The steam turbine efficiency is calculated in terms of the blade efficiency and/or the stage efficiency calculated by using the velocity diagram of the moving blade.
Contents:
Steam turbine efficiency:
The efficiency of the steam turbine is the ability of the turbine to extract the energy from the steam and convert it into useful work.
The efficiency of the steam turbine is the ratio of work output at the turbine rotor to the energy supplied by the steam to the turbine.
`\eta_{T}` = `\frac{\text{Work}}{\text{Energy supplied}}`
The efficiency of the steam turbine depends on various factors like inlet velocity of steam, inlet and exit blades angles, the radius of the moving blade ring, etc.
The steam turbine has two types of efficiencies as follows:-
- Blade efficiency or diagram efficiency
- Stage efficiency
Steam turbine efficiency calculation:
For different types of steam turbines (Impulse & Reaction), the calculation for the efficiency is discussed below:-
1] For impulse turbine:-
The below figure shows the velocity diagram for the moving blade of impulse turbine.
Where,
`C_{b}` = Blade velocity
`C_{i}` = Inlet velocity of steam
`C_{o}` = Exit velocity of steam
`C_{\text{wi}}` = Whirl velocity at inlet
`C_{\text{wo}}` = Whirl velocity at the exit
`C_{\text{fi}}` = Flow velocity at inlet
`C_{\text{fo}}` = Flow velocity at exit
`C_{\text{ri}}` = Relative velocity at inlet
`C_{\text{ro}}` = Relative velocity at exit
θ = Moving blade inlet angle
φ = Moving blade exit angle
α = Angle of steam inlet
β = Angle of steam exit
The force applied by steam on the blade in the direction of blade is given by,
F = Change in momentum in the direction of the blade.

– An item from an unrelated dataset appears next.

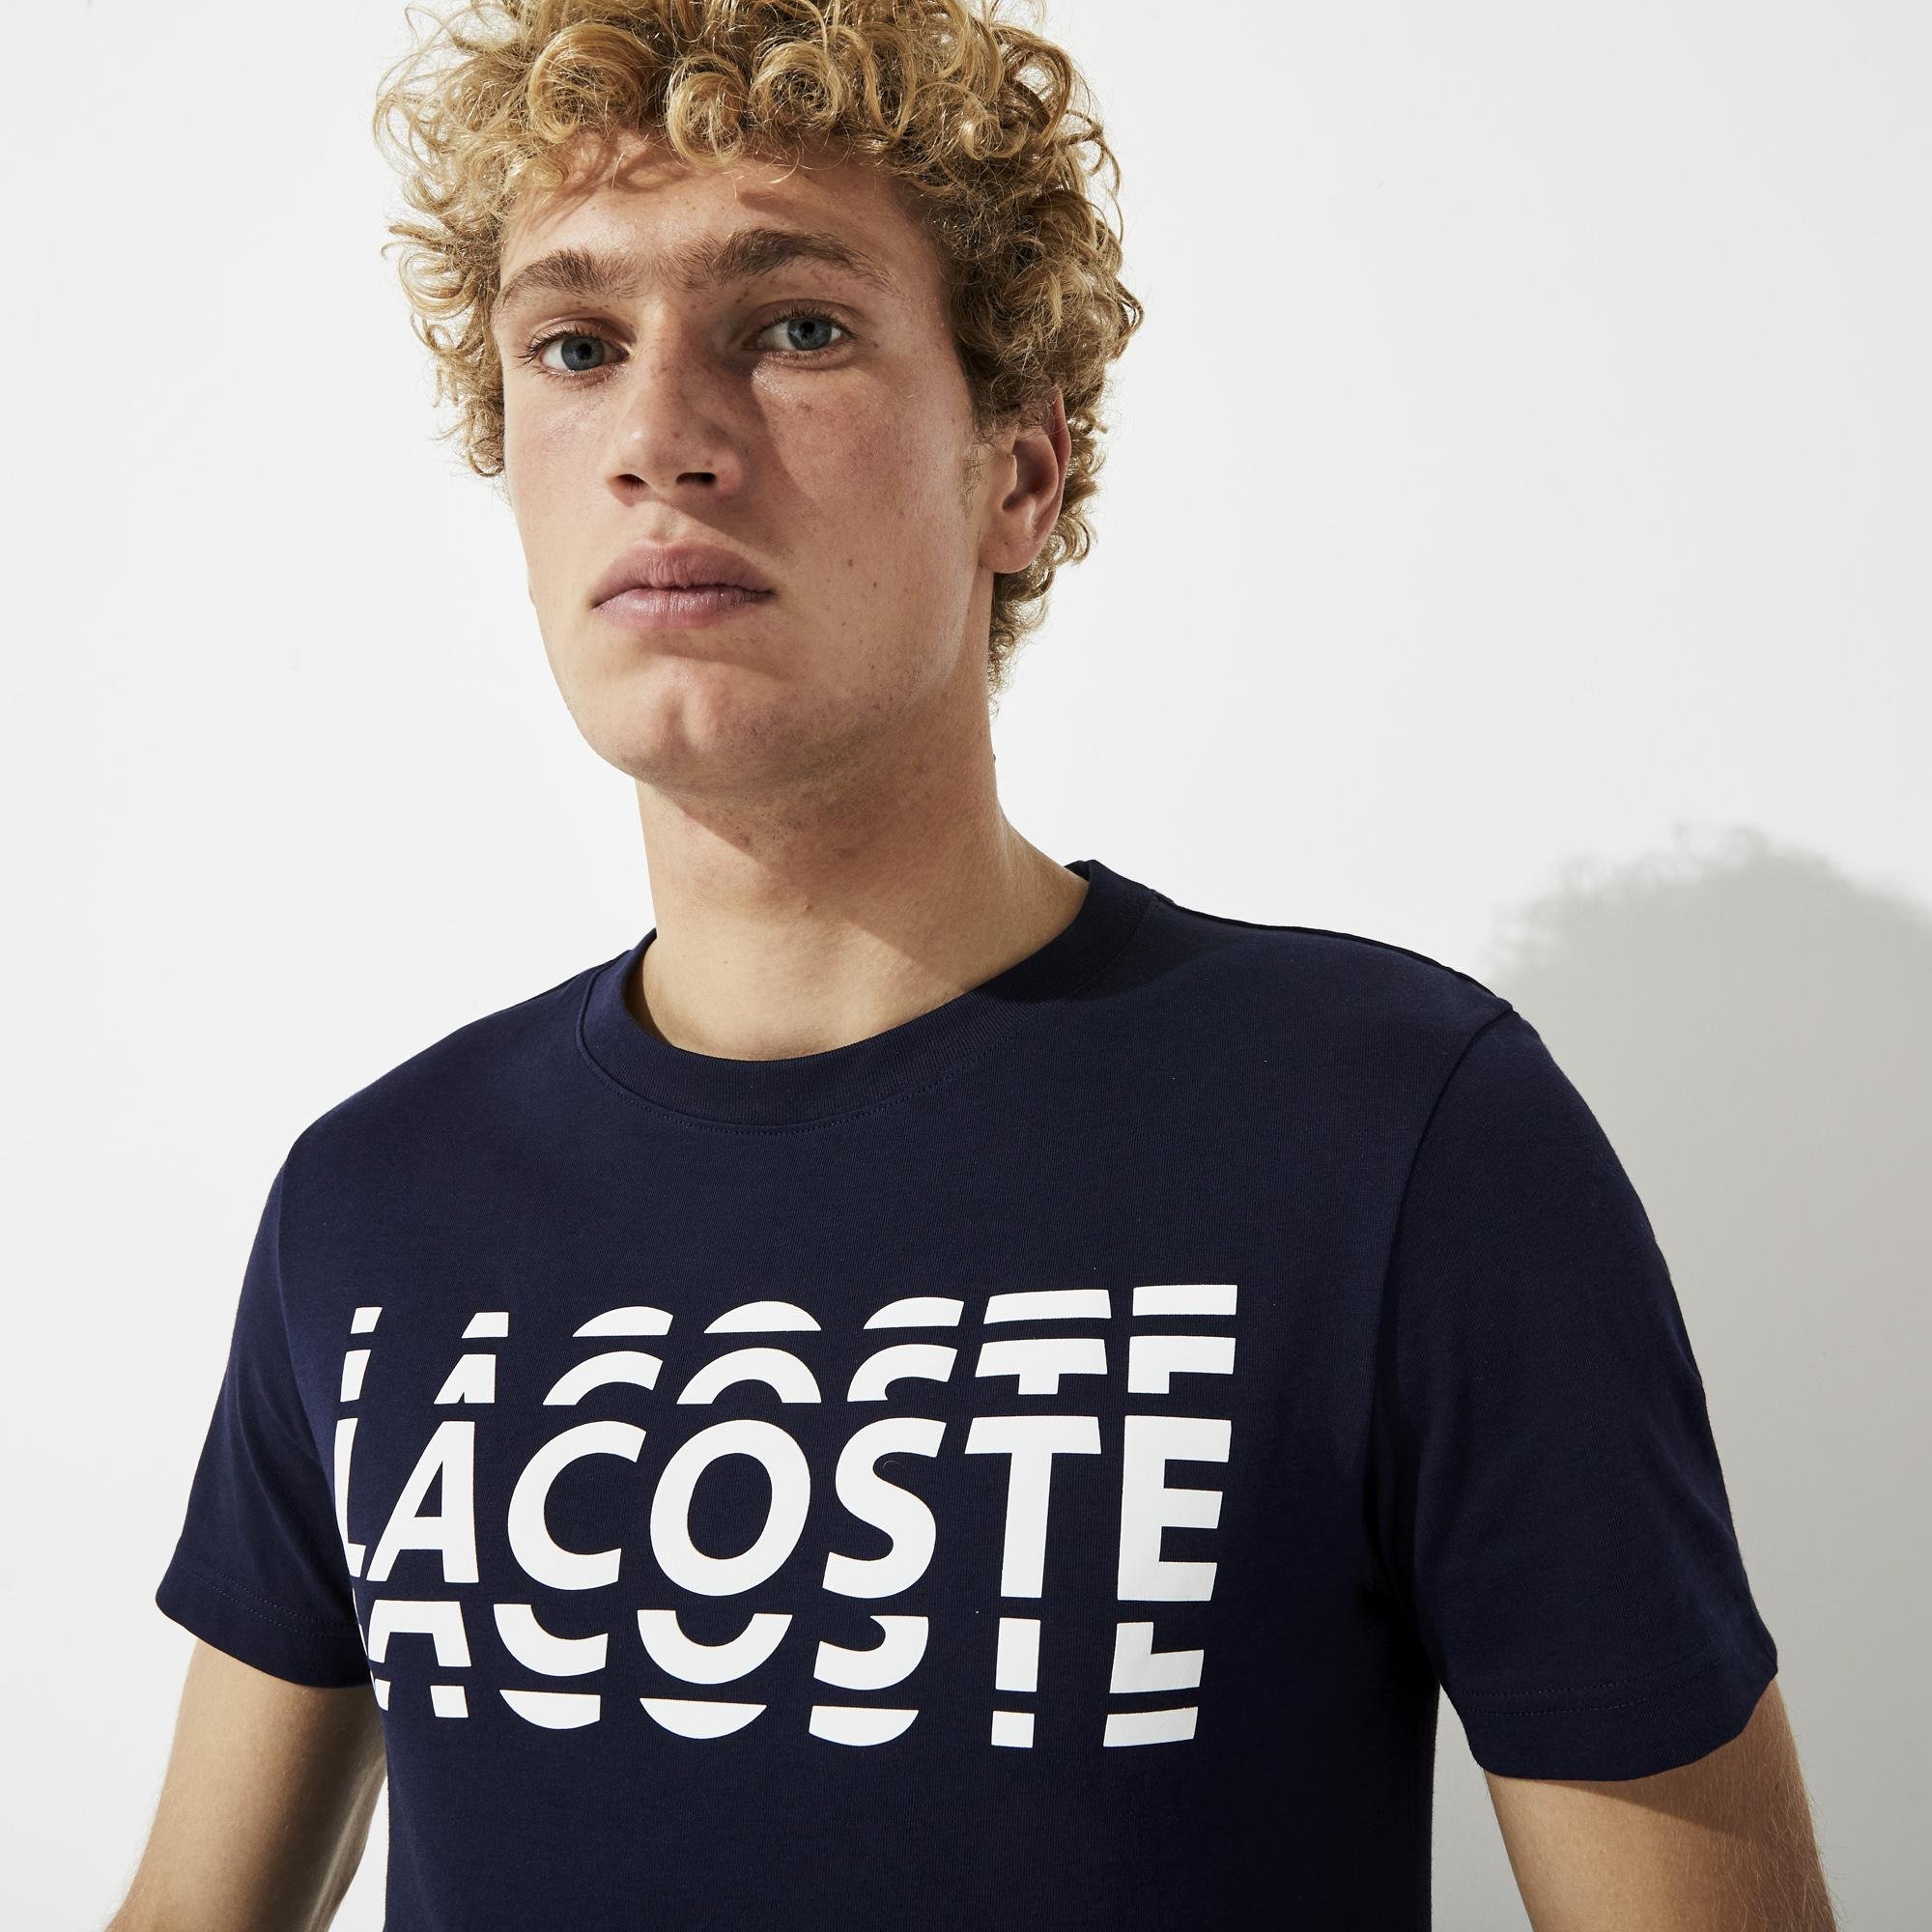 Lacoste Men's T-Shirt with pattern from the mixture cotton

F = ṁ (Change in whirl velocity)
F = ṁ [`C_{\text{wi}}-C_{\text{wo}}`]
F = ṁ [`C_{\text{wi}}-(-C_{\text{wo}})`] ———- (∵ `C_{\text{wo}}` moves in opposite direction )
F = ṁ [`\mathbf{C_{\text{wi}}+C_{\text{wo}}}`]
Now the work done by steam on the moving blade is given by,
W = Force x blade velocity
W = F x `C_{b}`
W = ṁ`\mathbf{[C_{\text{wi}}+C_{\text{wo}}].C_{b}}`
The total whirl velocity can be given by,
`C_{\text{w}}` = `C_{\text{wi}}+C_{\text{wo}}`
Therefore the equation of work will become,
W = ṁ.`\mathbf{C_{w}.C_{b}}`
Now the blade efficiency of the impulse turbine is given by,
Blade efficiency, `\eta_{b}` = `\frac{\text{Workdone}}{\text{Energy supplied}}`
The energy supplied to the blade is equal to the kinetic energy of steam.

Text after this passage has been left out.